Facts about Cranbrook
General Info
Cranbrook is a small town in the civil parish of Cranbrook and Sissinghurst, in the Weald of Kent in South East England. It lies roughly half-way between Maidstone and Hastings, about 38 miles (61 km) southeast of central London. The smaller settlements of Sissinghurst, Swattenden, Colliers Green and Hartley lie within the civil parish. The population of the parish was 6,717 in 2011.
History
The place name Cranbrook derives from Old English cran bric, meaning Crane Marsh, marshy ground frequented by cranes (although more probably herons). Spelling of the place name has evolved over the centuries from Cranebroca (c. 1100); by 1226 it was recorded as Cranebroc, then Cranebrok. By 1610 the name had become Cranbrooke, which evolved into the current spelling.

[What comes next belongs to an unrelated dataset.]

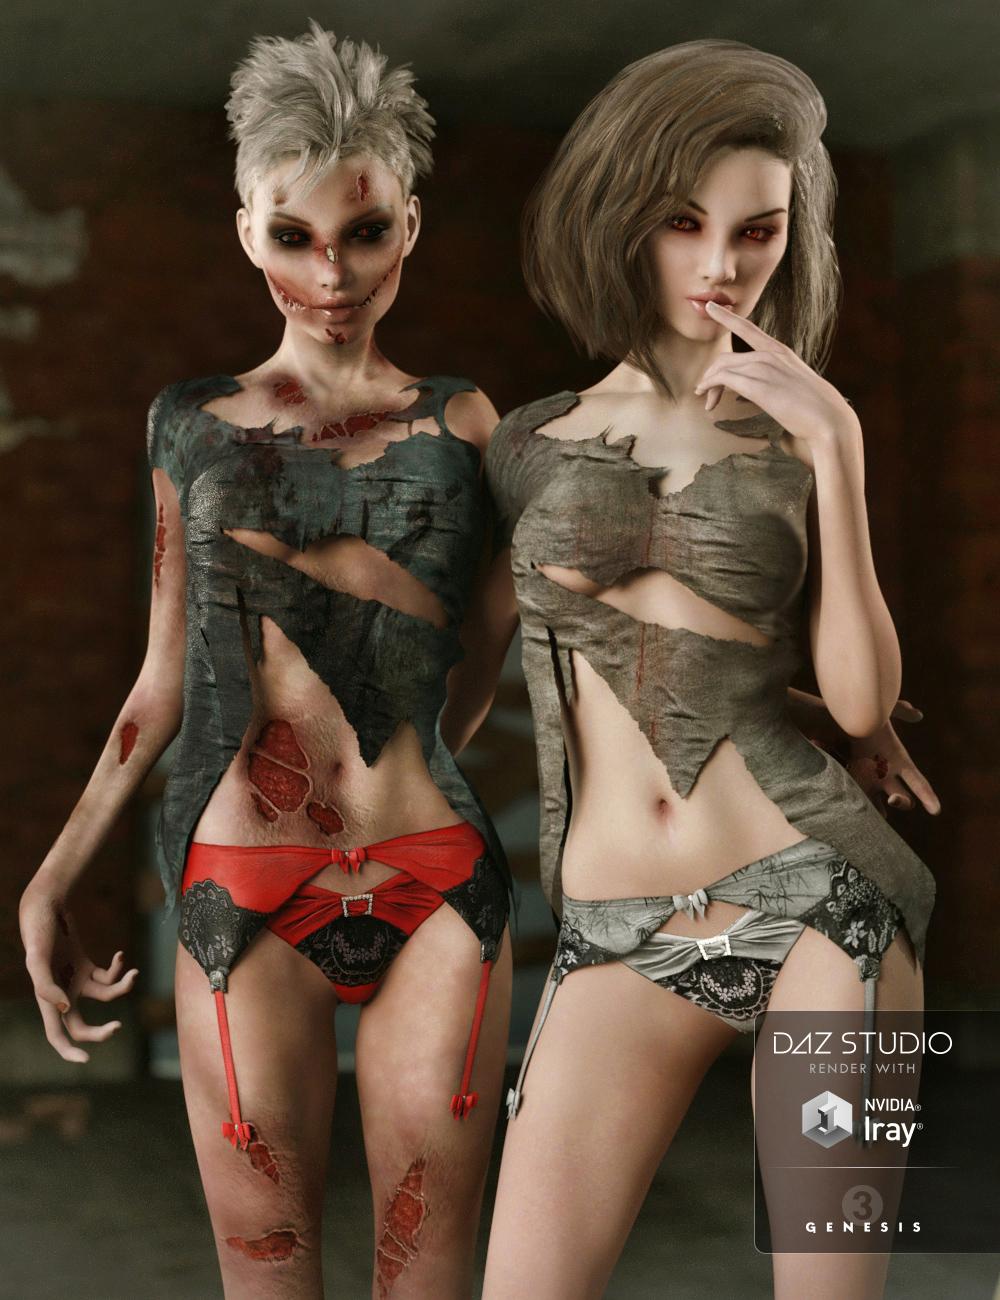 Valoria for Arabella 7 by: DemonicaEviliusJessaii, 3D Models by Daz 3D

There is evidence of early activity here in the Roman period at the former Little Farningham Farm where a substantial iron working site was investigated in the 1950’s,in 2000 the site was the subject of a Kent Archaeological Society fieldwork project to establish the extent of the site and the line of the Roman road from Rochester to Bodiam, which was published in 2001, Ref:Archaeologia Cantiana 121,2001,Little Farningham Re-visited ,Neil Aldridge. The site had earlier produced a number of clay tiles bearing the mark of the Roman Fleet, or Classis Brittanica who may have been overseeing the work.